WHAT YOU SHOULD DO: Print exactly the lines below between the line containing "清潔感のあるフルーティーサボンの香り つめかえ用 340mL" and the line containing "Las 7 enfermedades", counting both of those lines. Leave pictures out.

DATA LISTING:

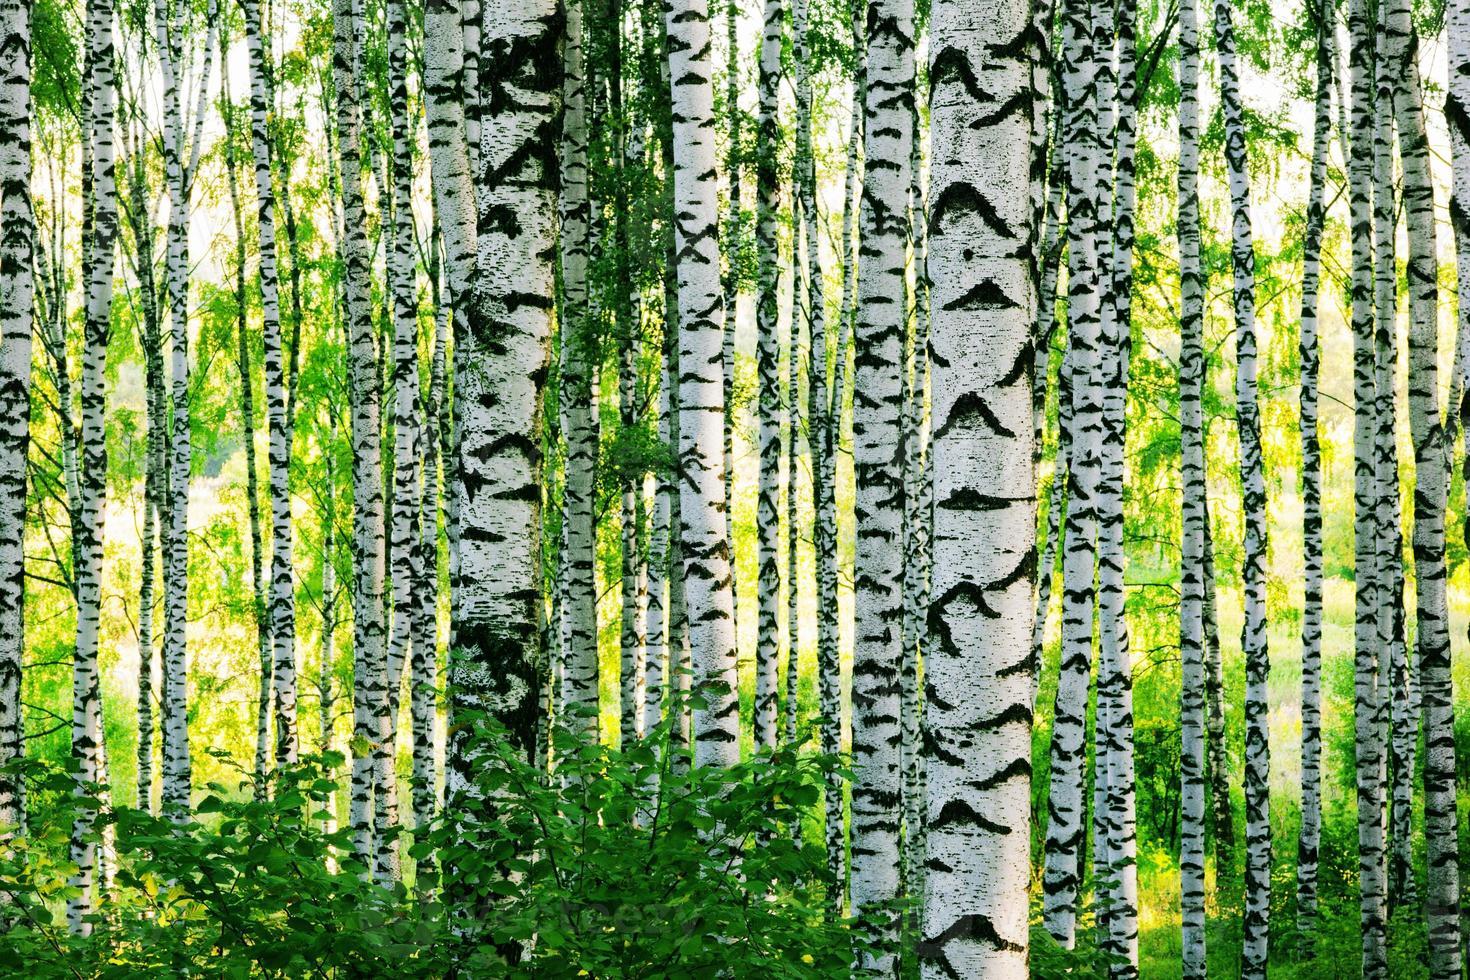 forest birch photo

...

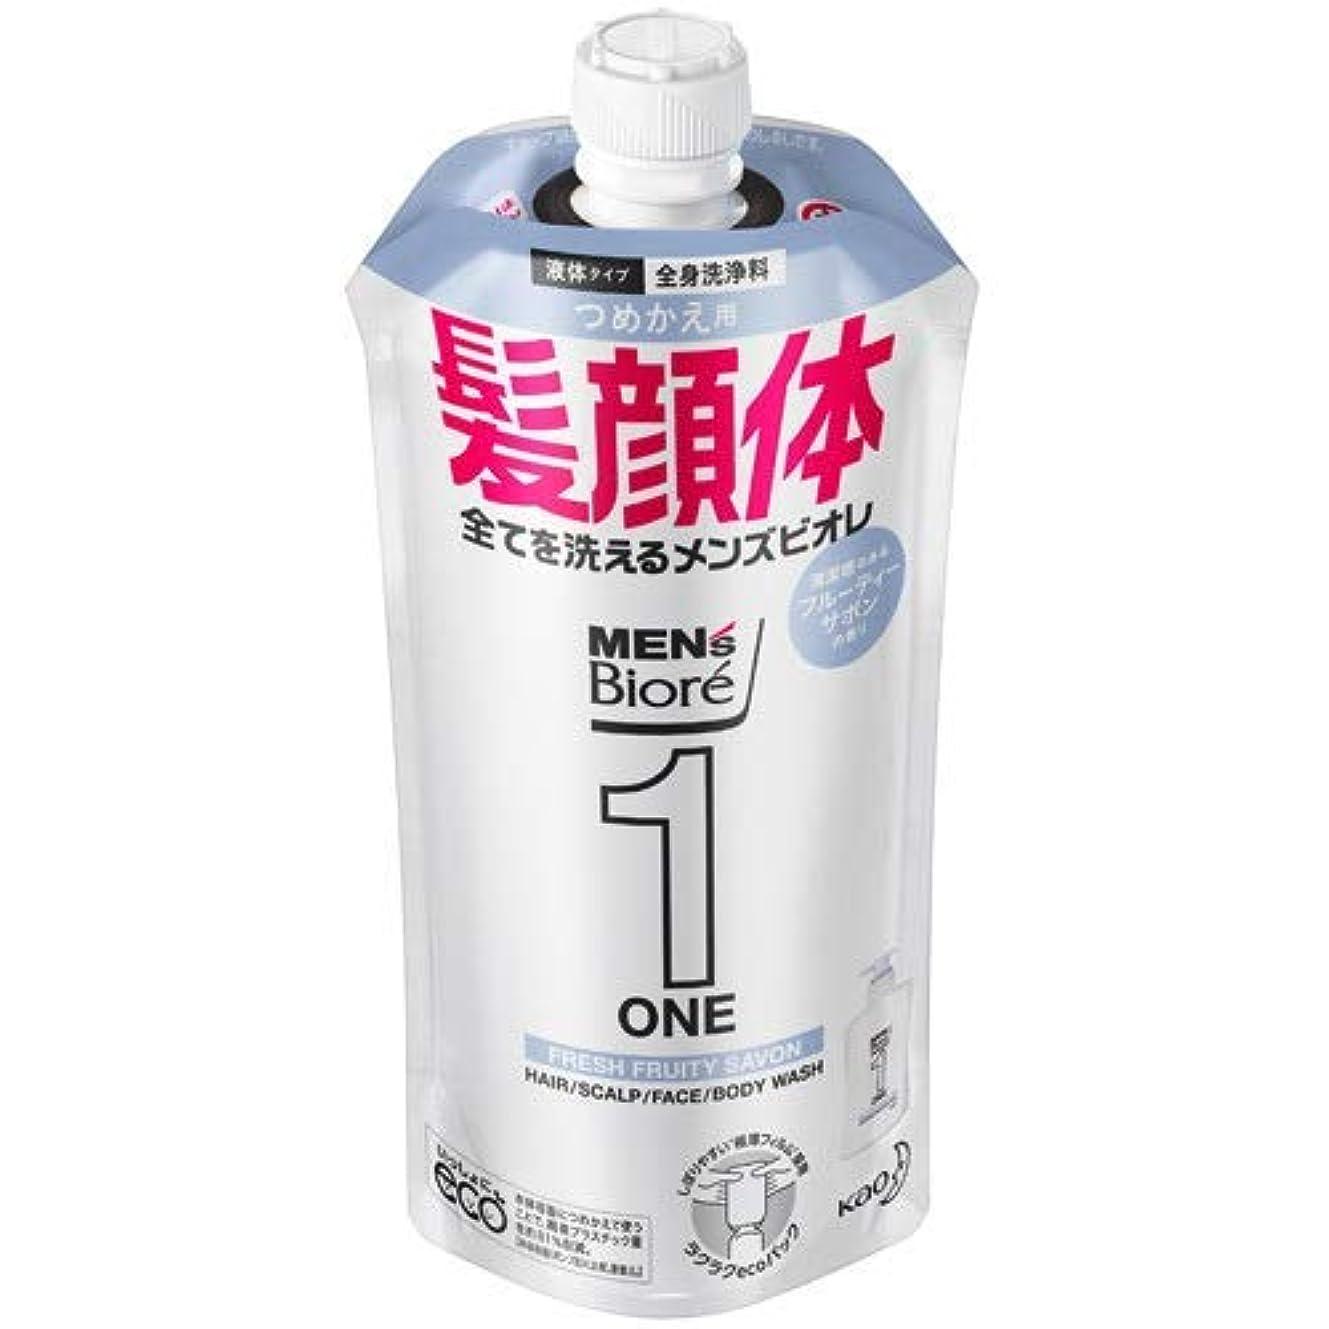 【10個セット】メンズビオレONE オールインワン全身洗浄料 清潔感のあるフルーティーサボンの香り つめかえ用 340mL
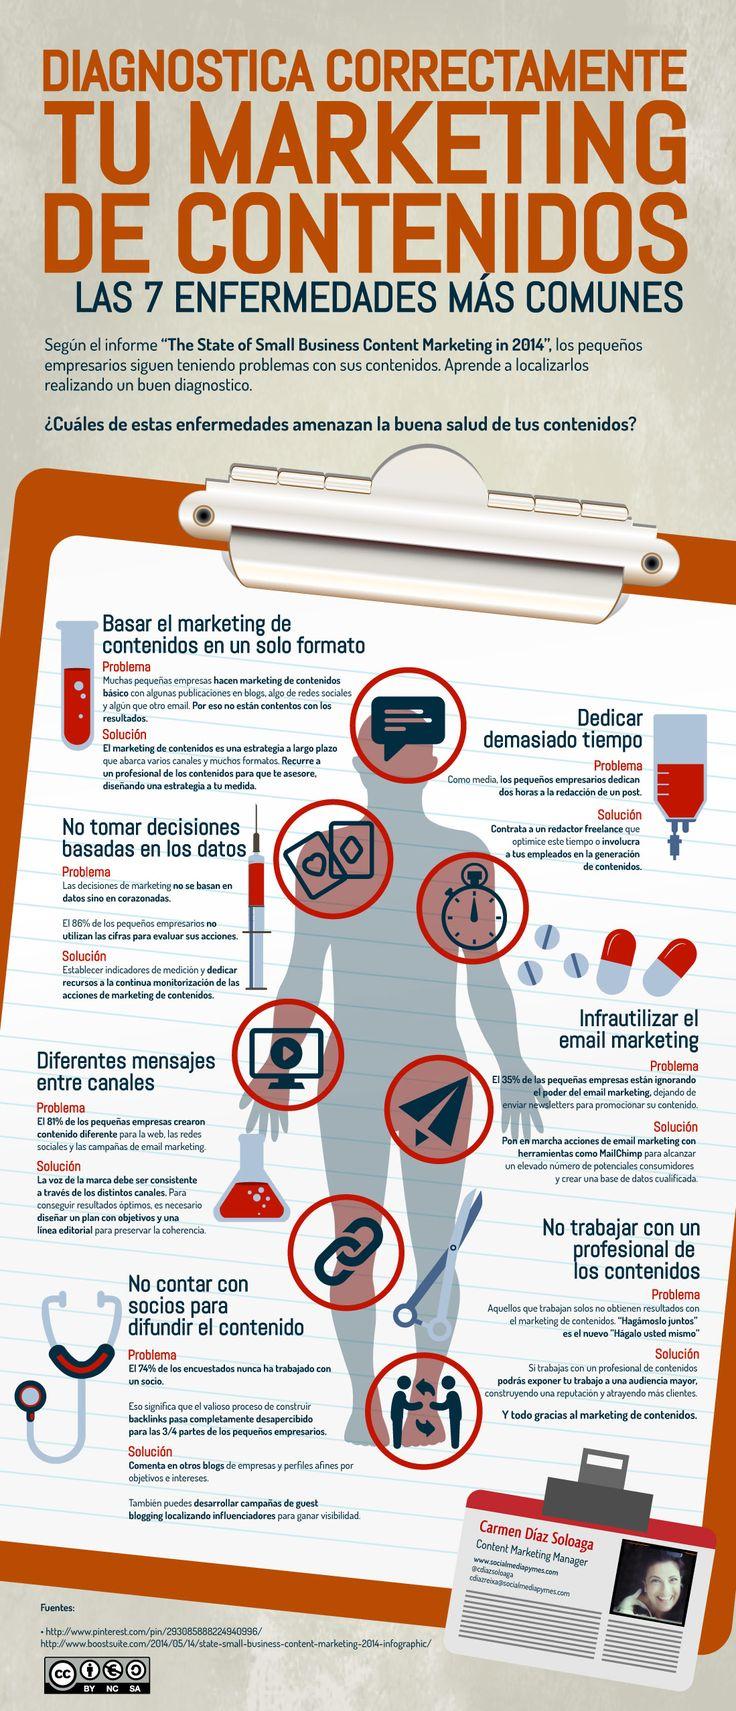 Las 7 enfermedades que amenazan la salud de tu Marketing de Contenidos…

...

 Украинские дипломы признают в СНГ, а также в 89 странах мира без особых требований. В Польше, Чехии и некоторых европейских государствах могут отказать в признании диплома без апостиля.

ANSWER BELOW:
 【10個セット】メンズビオレONE オールインワン全身洗浄料 清潔感のあるフルーティーサボンの香り つめかえ用 340mL
 Las 7 enfermedades que amenazan la salud de tu Marketing de Contenidos…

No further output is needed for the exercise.